Prompt:
Retype, exactly and with both ends included, the lines below from the one containing "把5G生態圈搬到台灣做,高通海外第一棟大樓在竹科動工" through the end; omit the pictures.

### Data segment ###

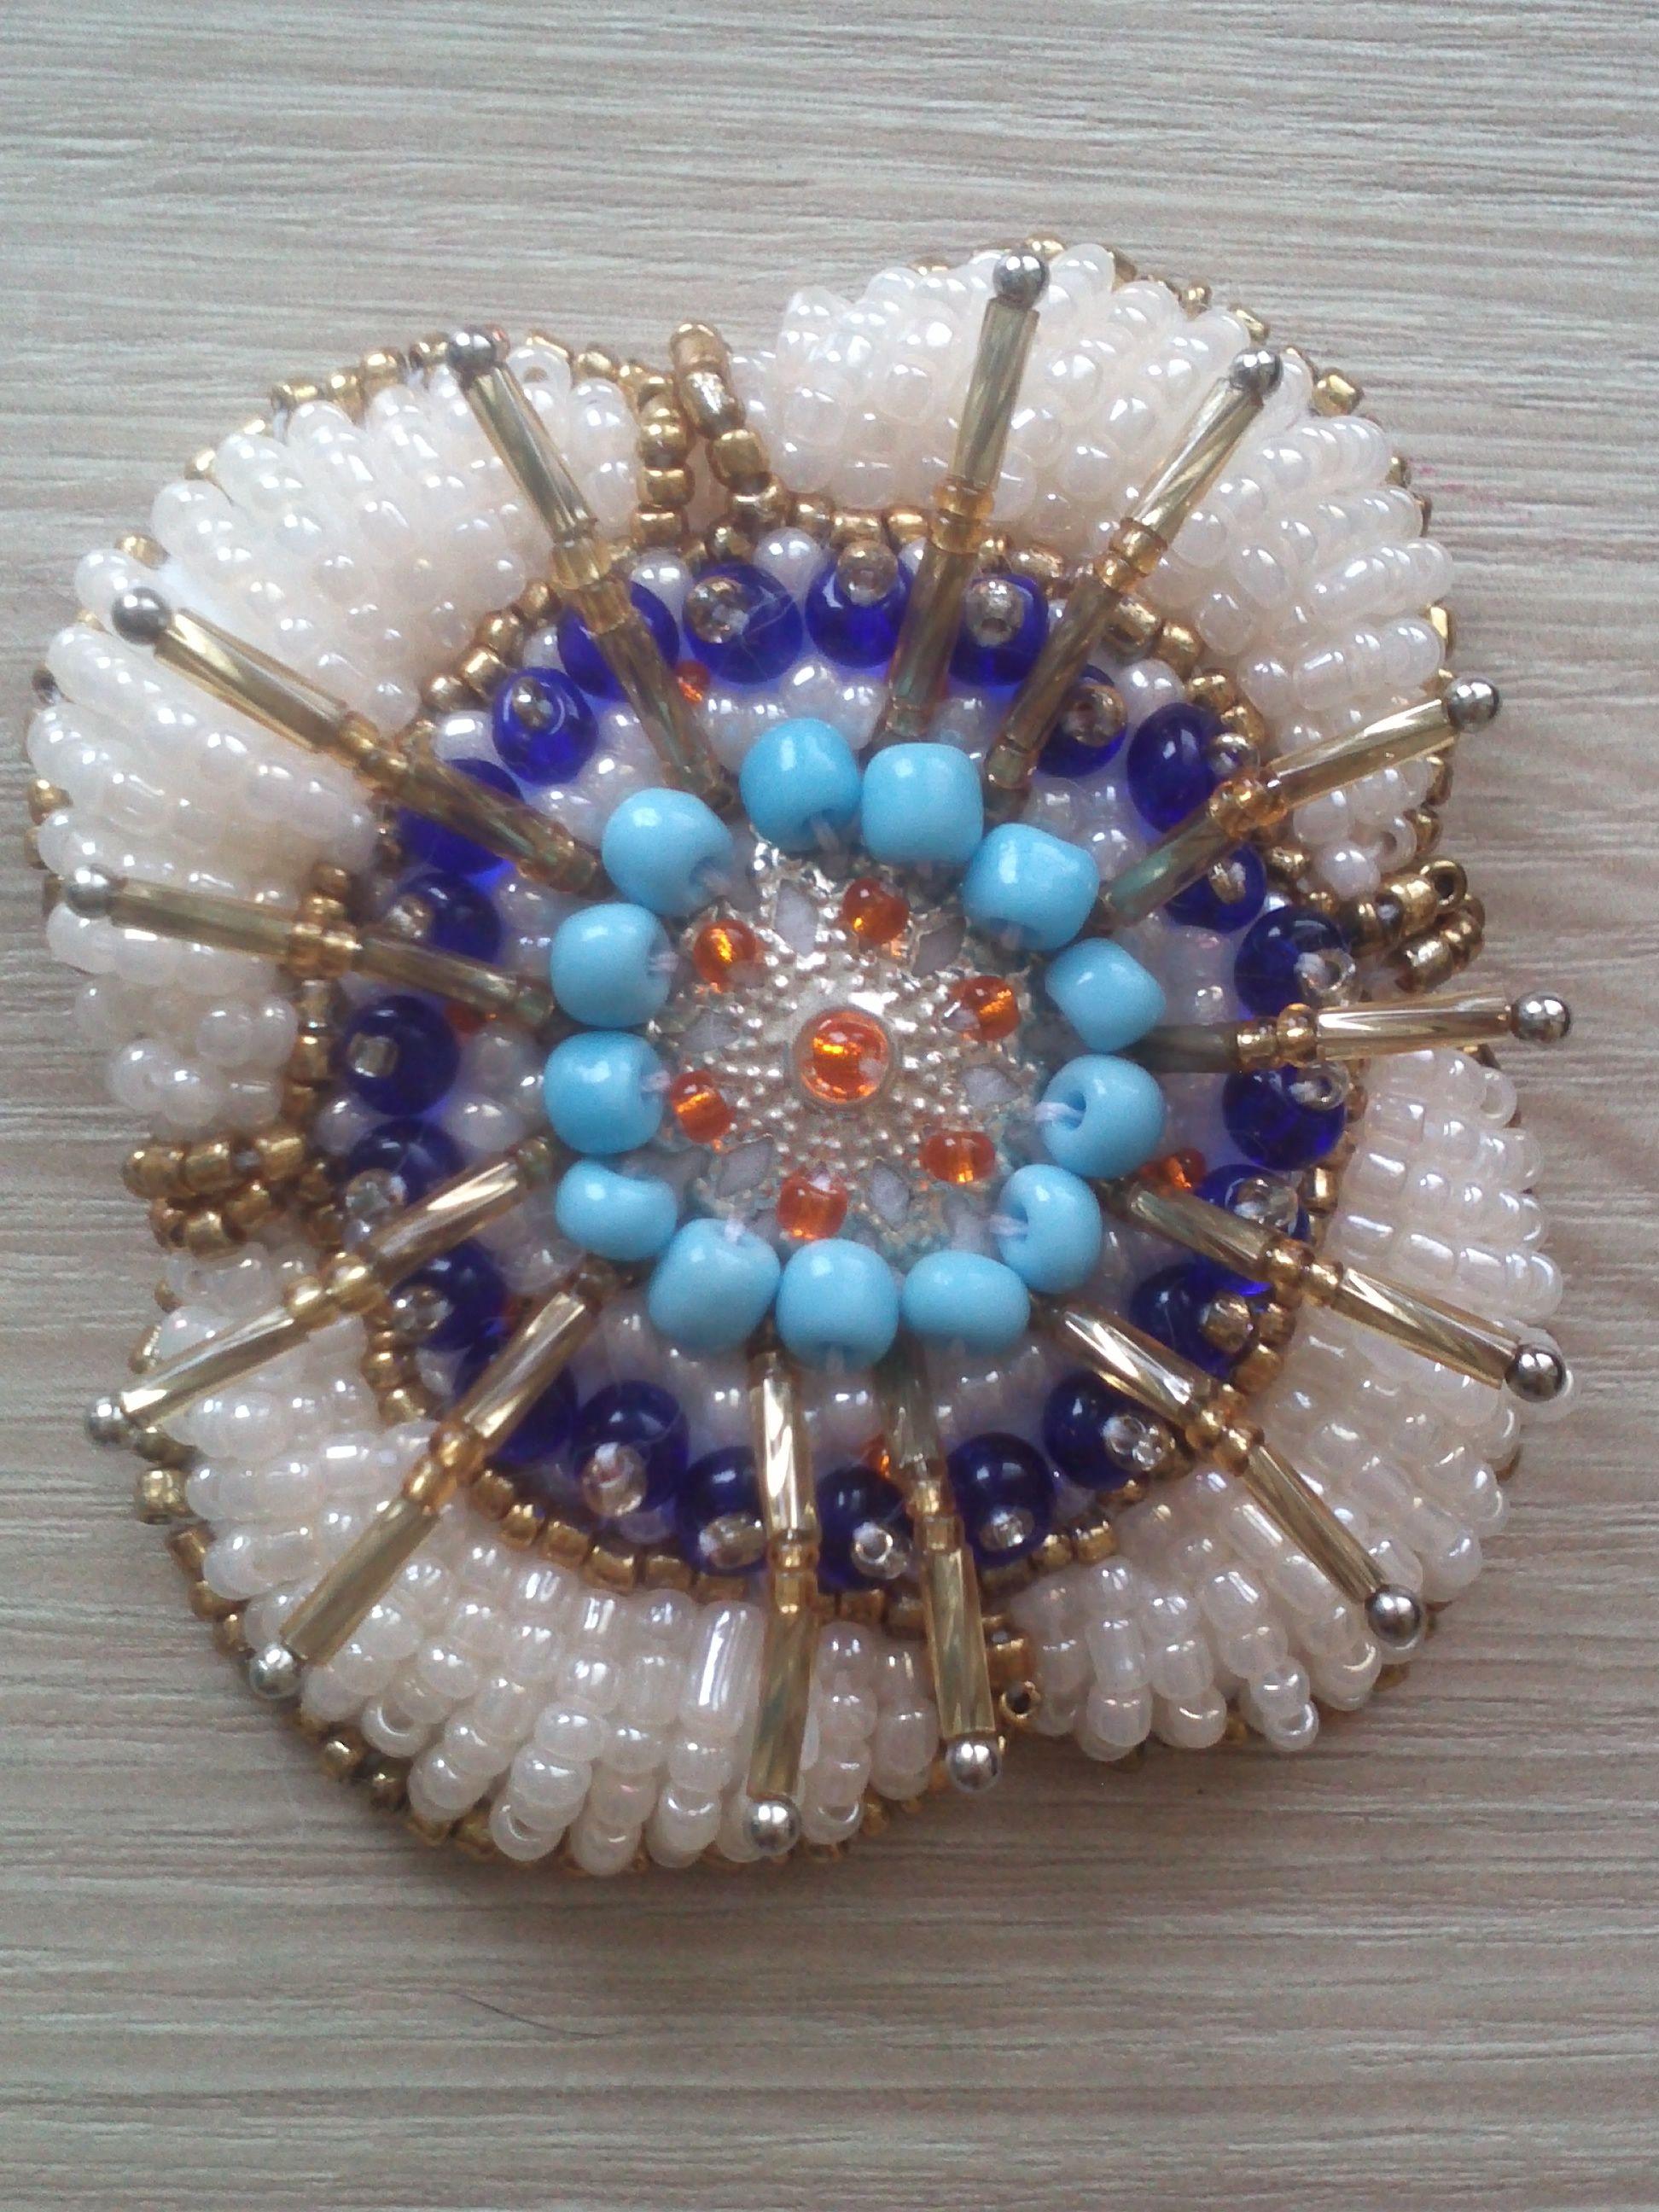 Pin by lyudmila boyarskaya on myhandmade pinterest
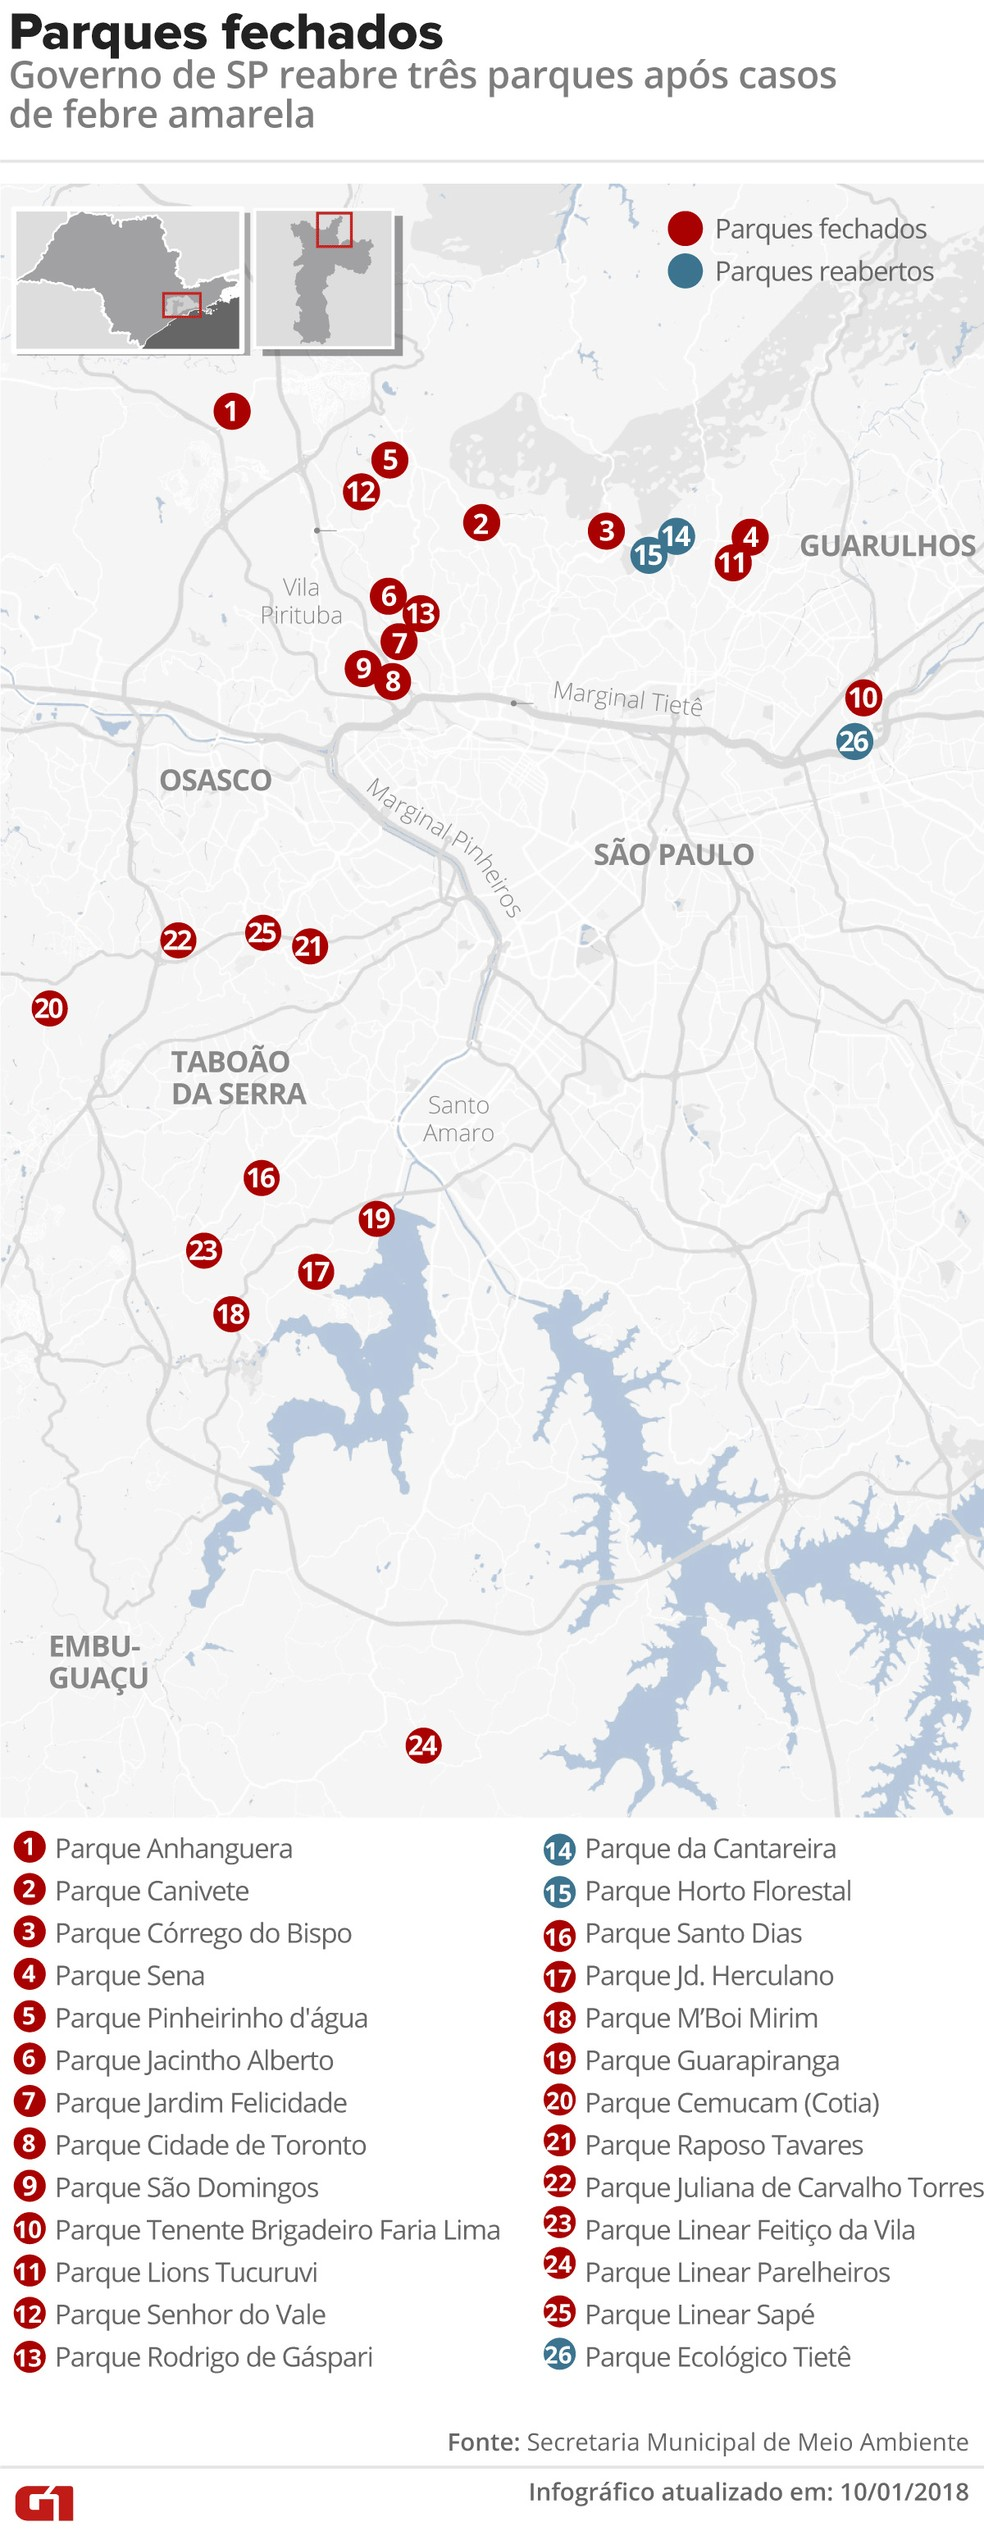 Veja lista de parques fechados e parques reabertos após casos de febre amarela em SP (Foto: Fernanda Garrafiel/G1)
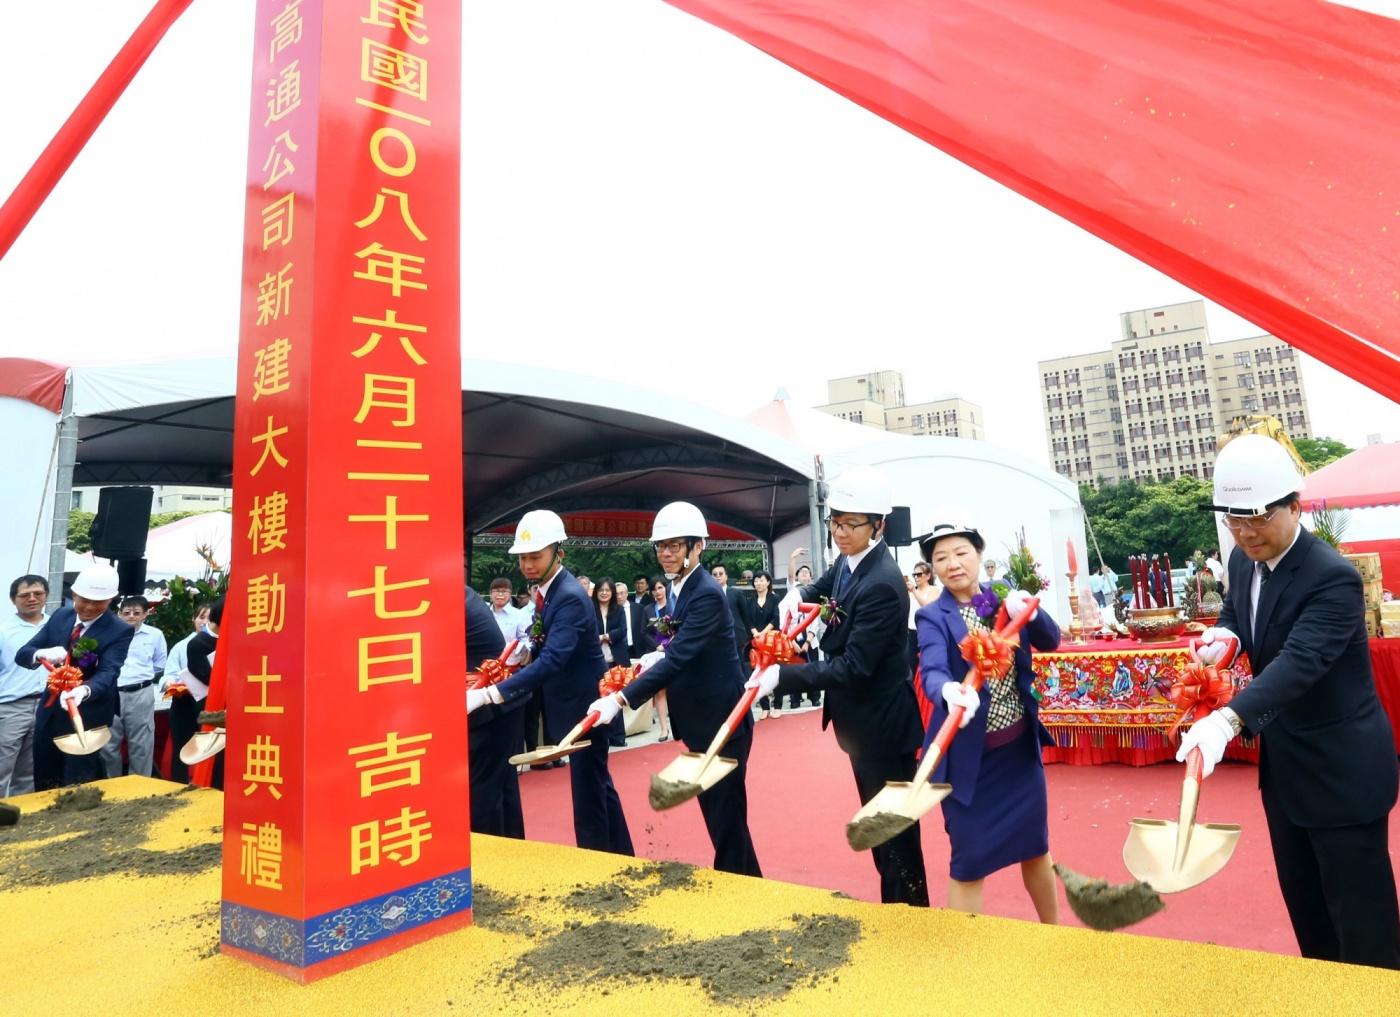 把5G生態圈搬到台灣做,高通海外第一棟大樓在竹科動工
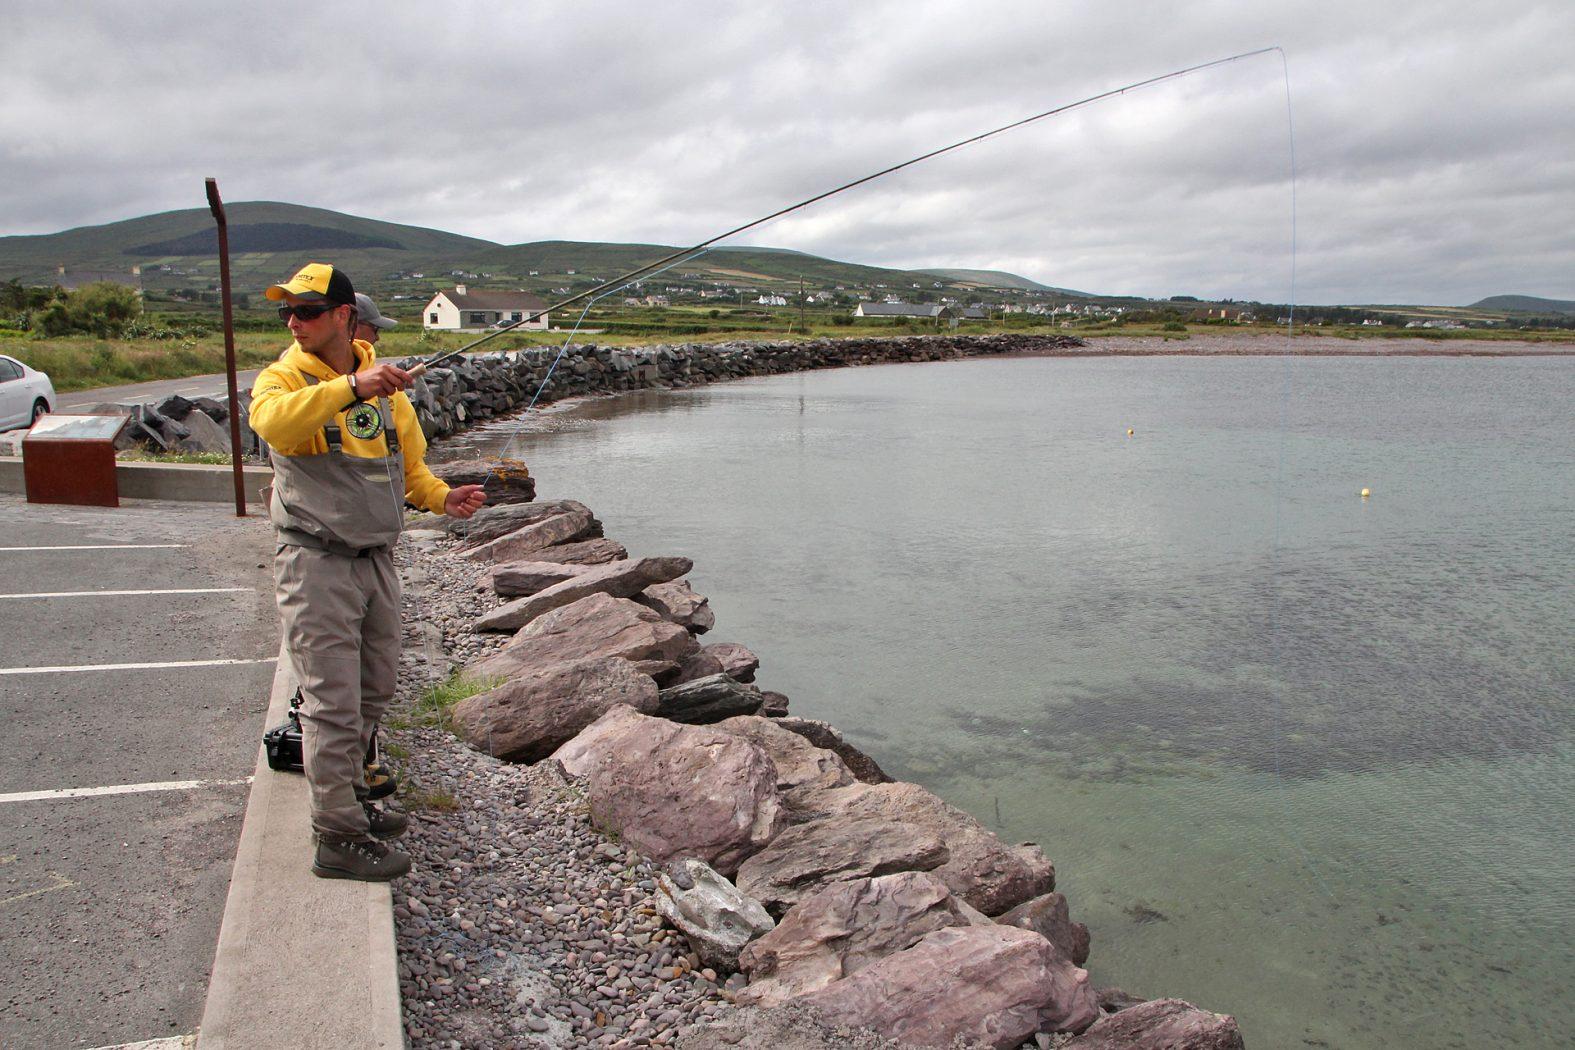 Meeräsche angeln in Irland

###

Answer to this exercise:
 把5G生態圈搬到台灣做,高通海外第一棟大樓在竹科動工
 Meeräsche angeln in Irland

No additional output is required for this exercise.